** Activity **
Go to the line that contains "Evolution Partners With" in the listing below, then output it and every line after it exactly, omitting pictures.

** Dataset excerpt **
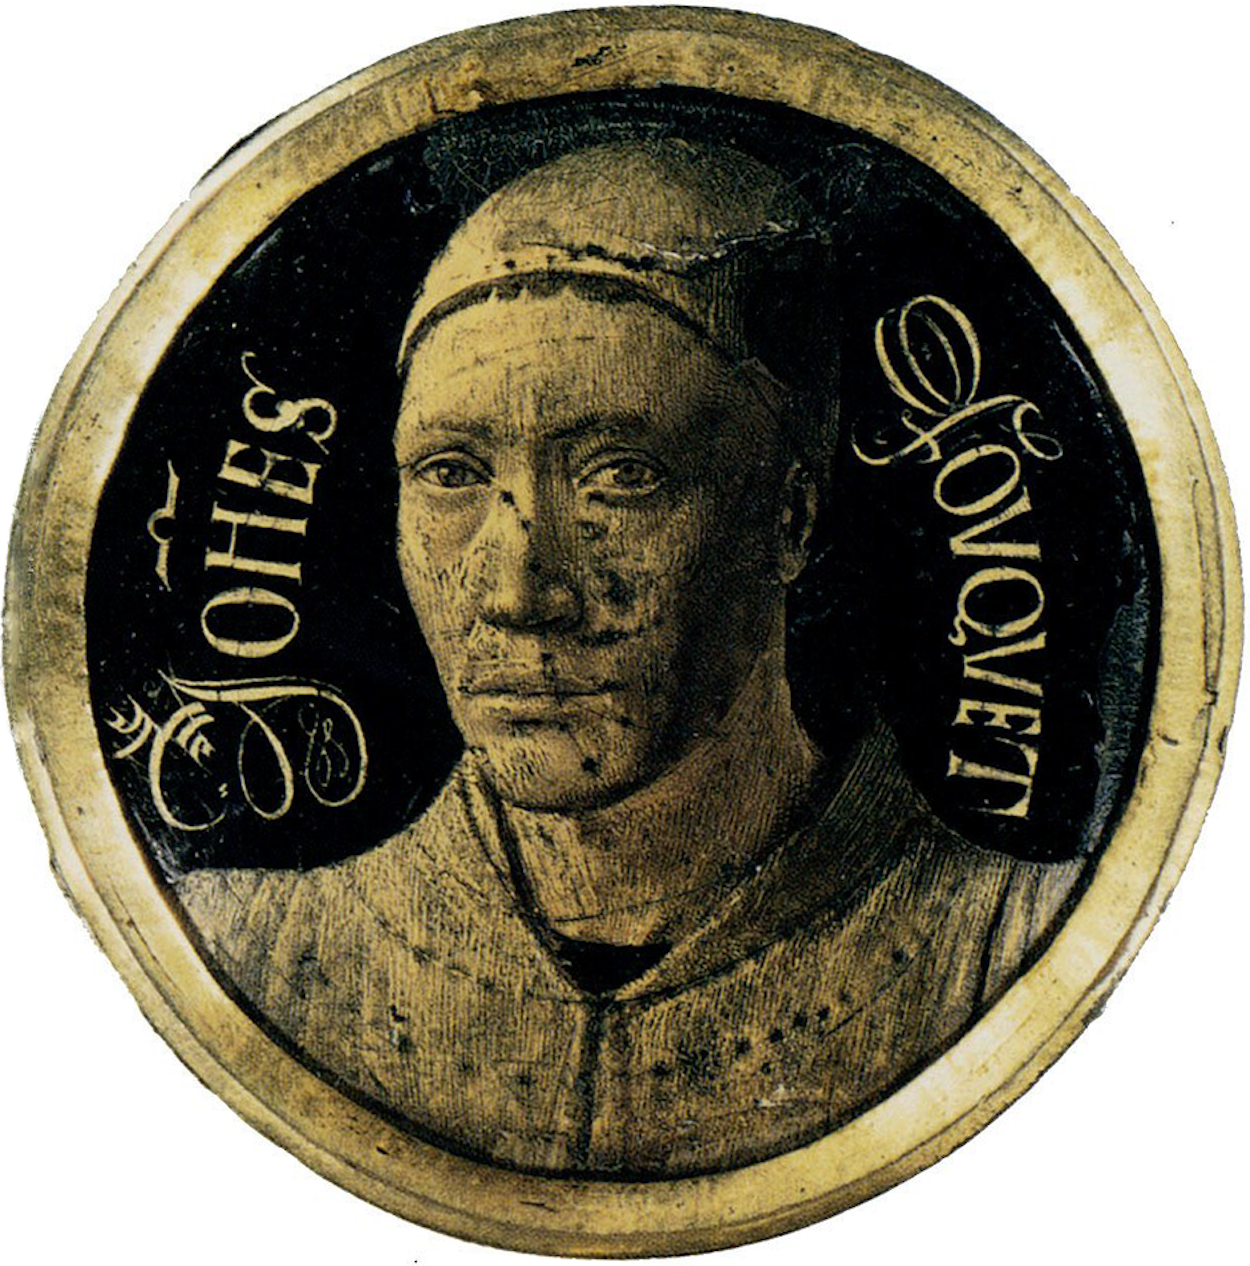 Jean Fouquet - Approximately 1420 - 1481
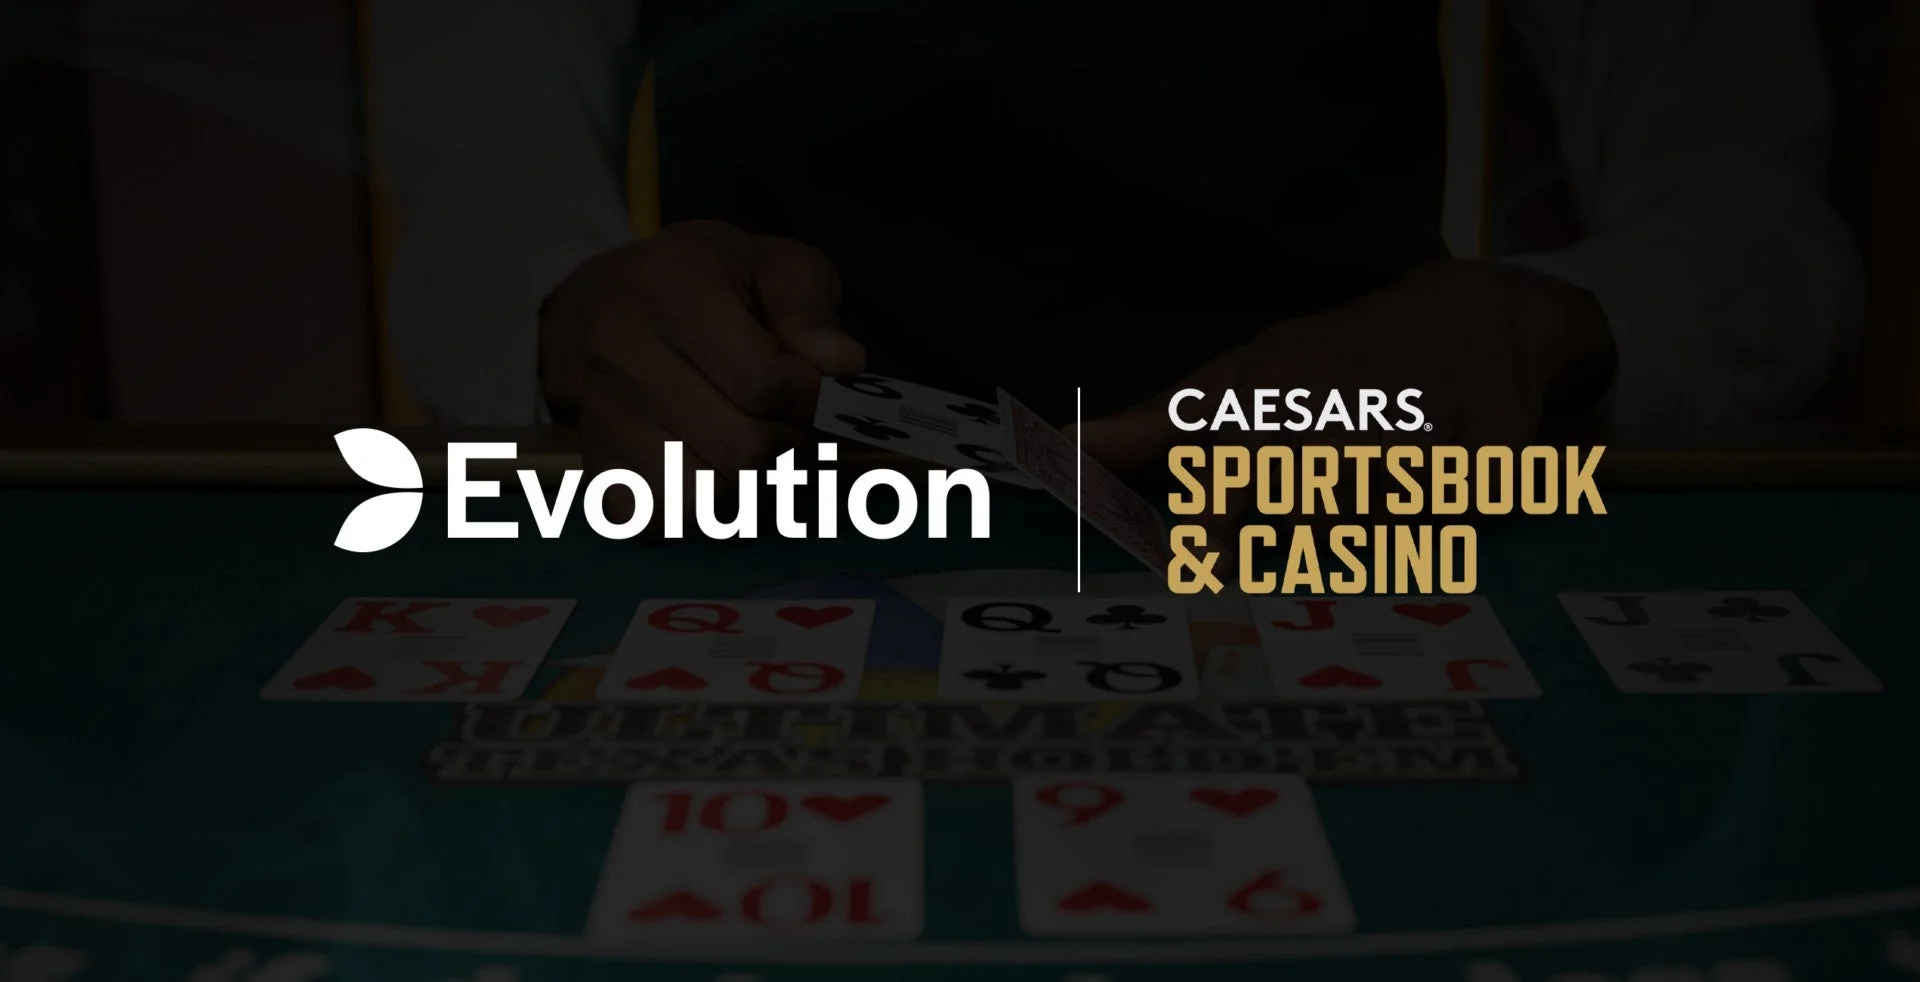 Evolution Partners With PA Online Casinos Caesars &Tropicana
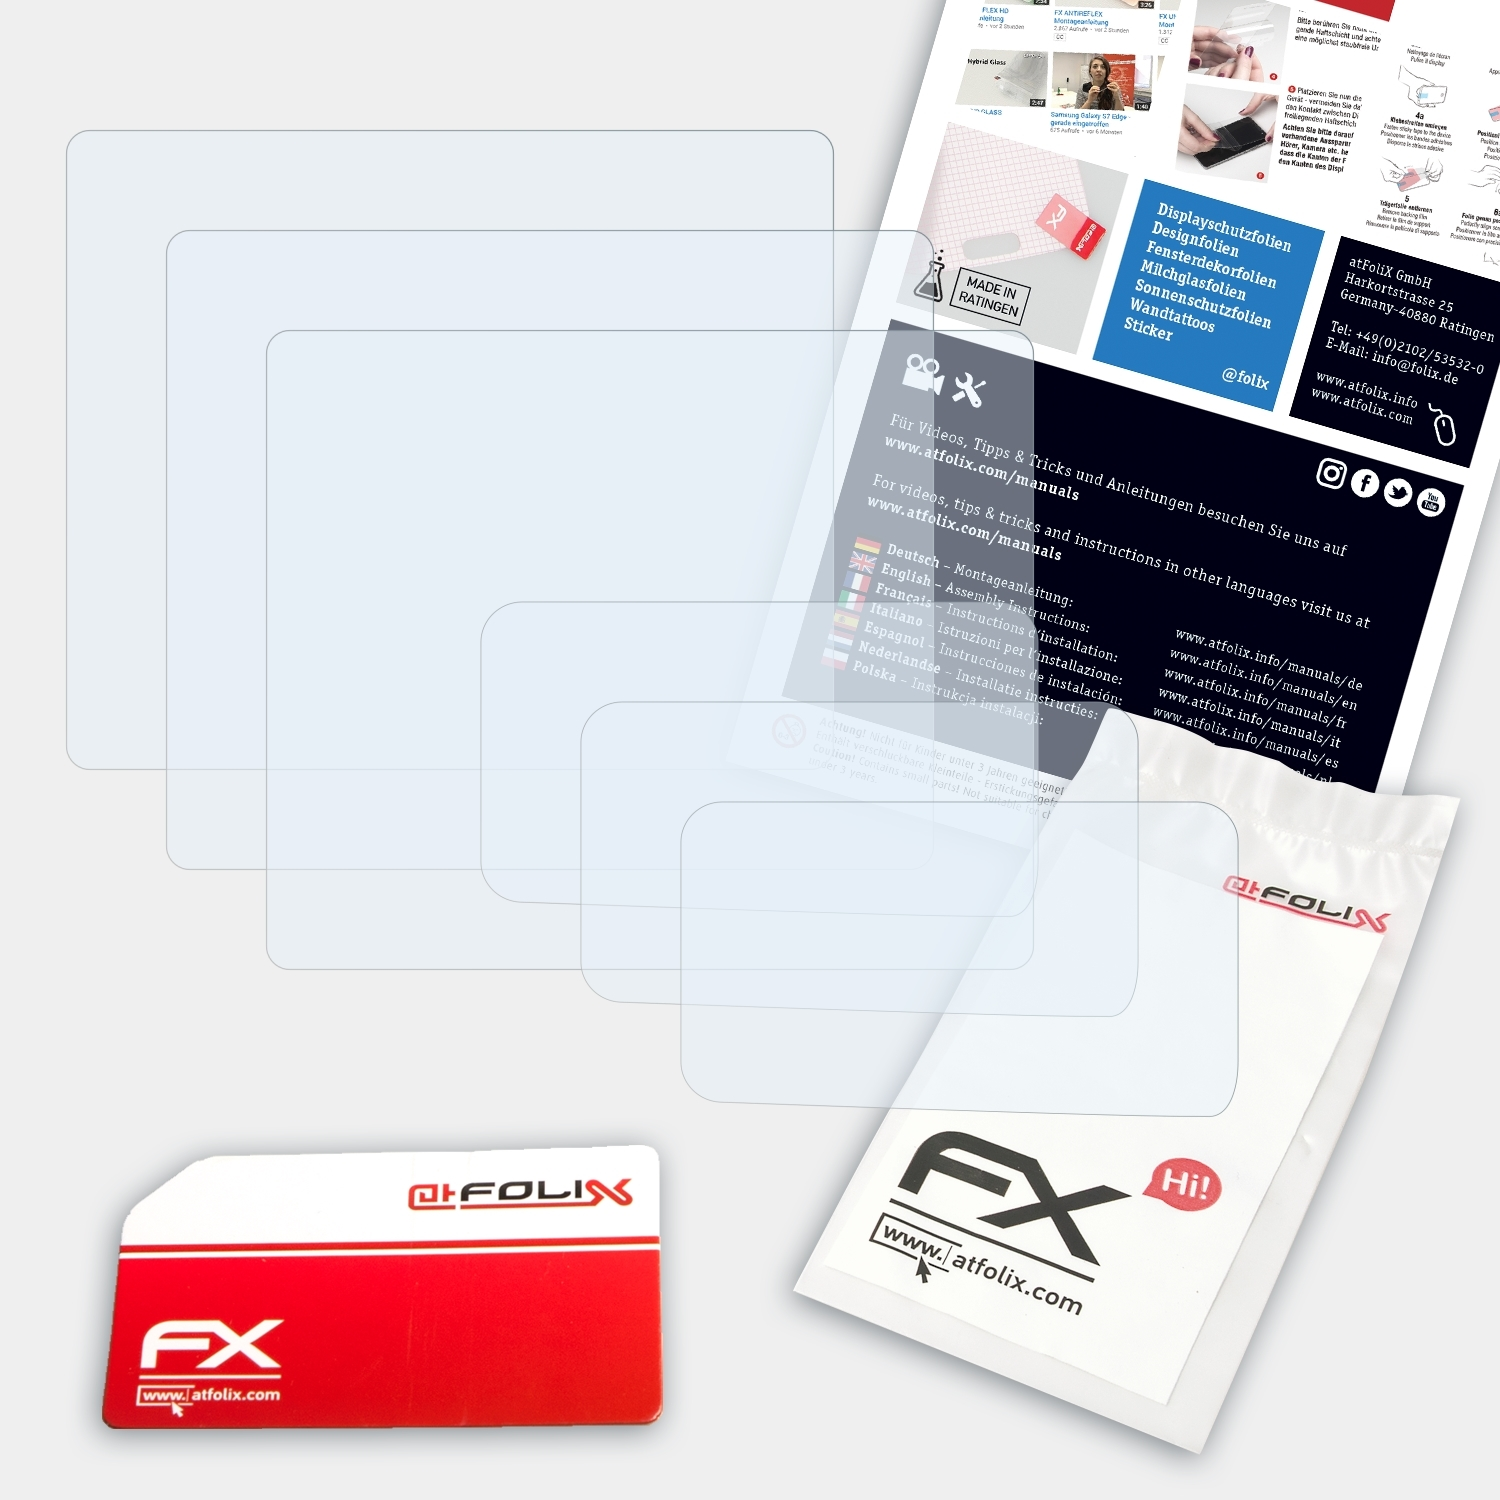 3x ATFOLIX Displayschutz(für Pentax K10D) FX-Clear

** Answer box **
 Evolution Partners With PA Online Casinos Caesars &Tropicana
 3x ATFOLIX Displayschutz(für Pentax K10D) FX-Clear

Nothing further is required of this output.